Para Prasad, “não existe um jeito de pesar o excesso de convulsões contra os ganhos da vacinação” contra Covid em crianças. “Primeiro, não temos a estimativa precisa do risco de convulsão e, segundo, não fazemos ideia de qual é a redução do risco absoluto em más consequências da Covid-19 que conseguimos vacinando crianças com essa idade”. As vacinas da Covid só foram oferecidas para crianças bem depois de testadas em adultos, e os dados para crianças “são de credibilidade muito baixa” e não foram significativos para o uso clínico. “Eu me preocupo que vacinar crianças dessa faixa etária poderiam representar um dano no cômputo final”, conclui o cientista.
A Covid parece ser menos perigosa para crianças saudáveis que a gripe. No calendário de vacinação do PNI não consta a vacina contra gripe entre as obrigatórias. Esta vacina, que possivelmente previne a doença de Alzheimer, também não é obrigatória para adultos.
“A taxa de mortalidade por Covid-19 em pessoas com menos de 14 anos de idade era de apenas 0,03% a 0,1%”, explicou o médico Alessandro Loiola em publicação com grande repercussão no X (Twitter). “Como médico, não posso deixar de manifestar a minha profunda preocupação com a decisão tomada pelo Ministério da Saúde”.
A secretária de Vigilância em Saúde e Ambiente, Ethel Maciel, defendeu a decisão no site do ministério: “A Covid-19 é uma doença de constante monitoramento, requer atenção e por isso temos fortalecido as ações de prevenção por meio do Movimento Nacional da Vacinação”, disse ela, comparando a doença ao sarampo e coqueluche.

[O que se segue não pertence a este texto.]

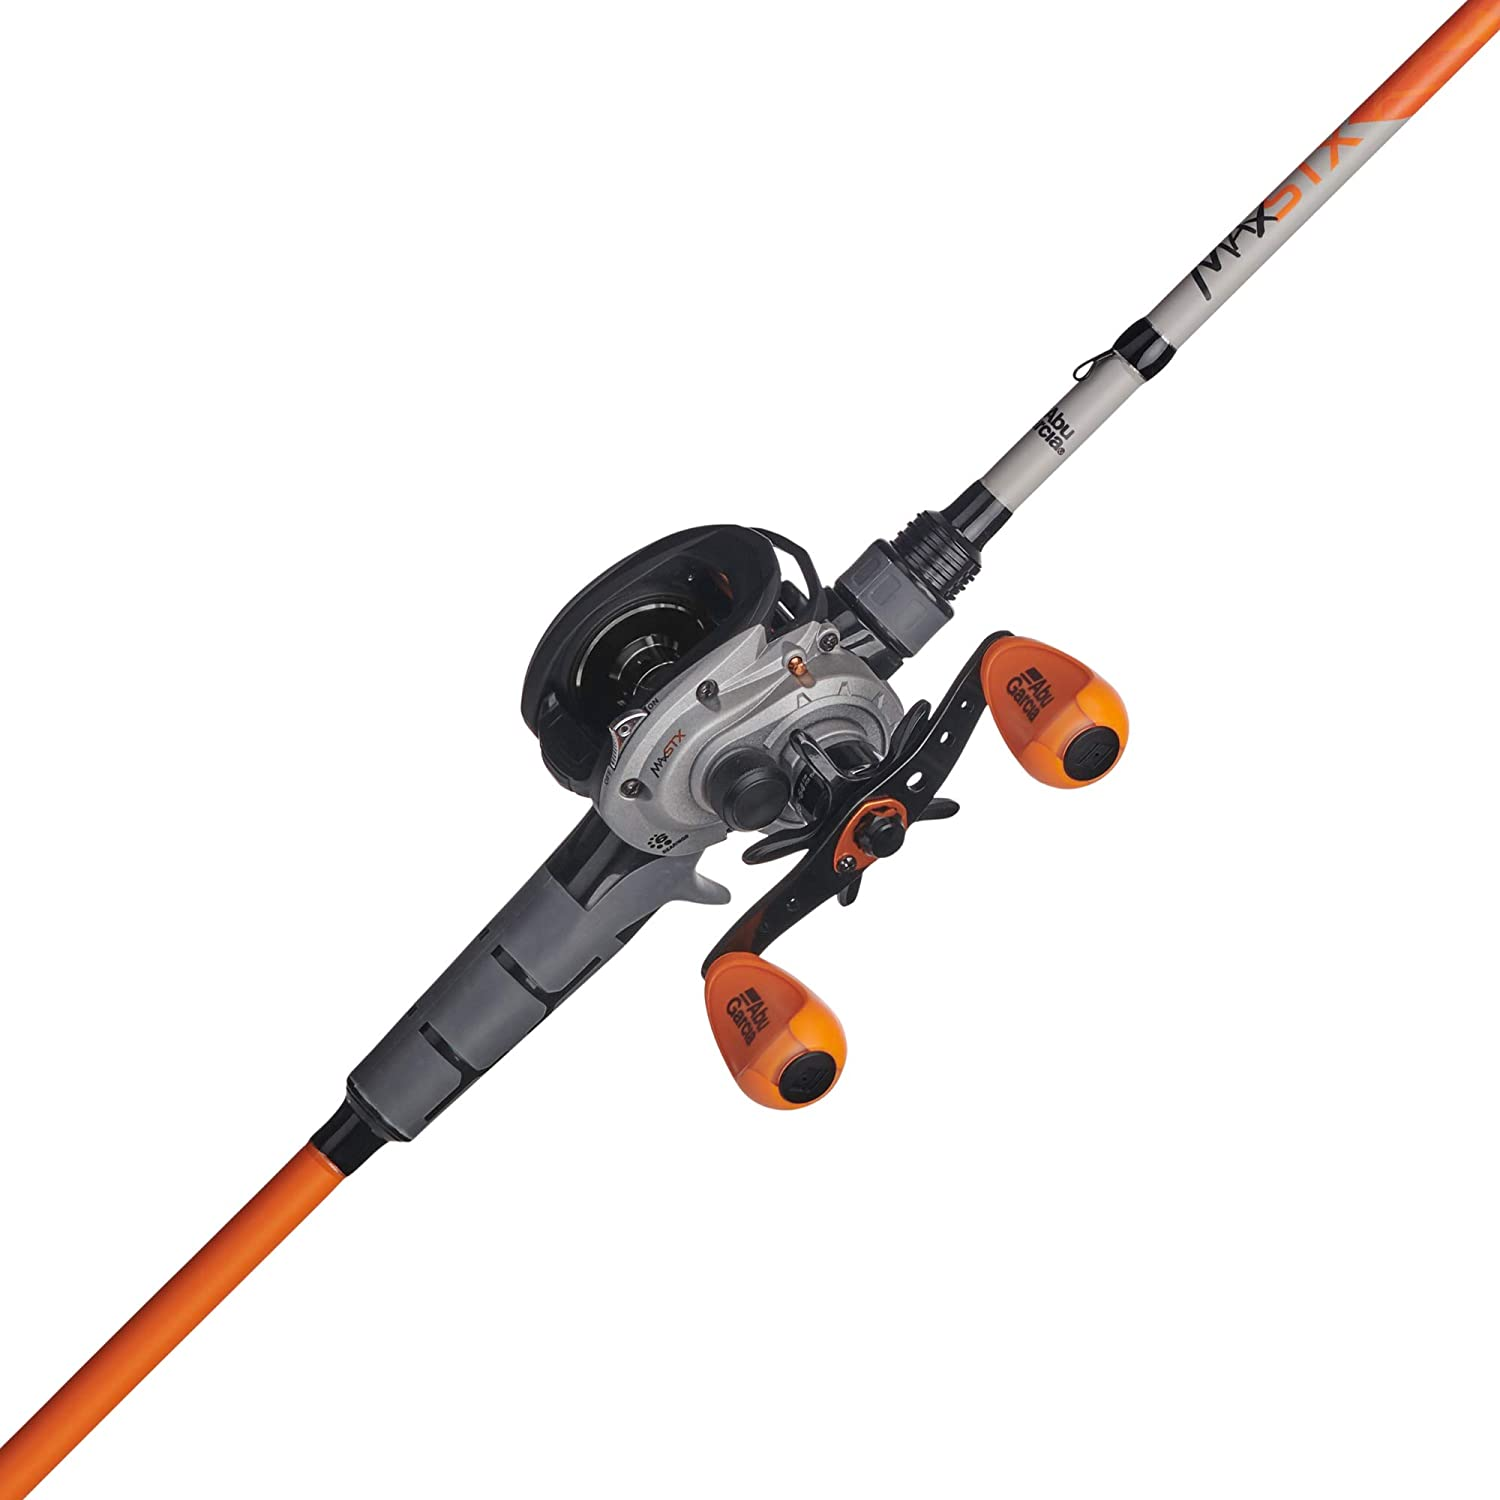 Abu Garcia Max STX Baitcast Reel and Fishing Rod Combo - Best for Freshwater and Saltwater

Os Estados Unidos são um caso relativamente isolado de recomendação das vacinas contra Covid para bebês e crianças pequenas no mundo desenvolvido. A maior parte da Europa não segue essa recomendação. Como mostrou a Gazeta do Povo em janeiro, quando a ministra da Saúde Nísia Trindade tomou posse do cargo, sua gestão da pandemia na Fiocruz repetiu os erros dos americanos. A alteração do PNI sugere que o padrão no Ministério da Saúde será o mesmo — porém, no caso dos americanos, é uma recomendação, não uma obrigatoriedade.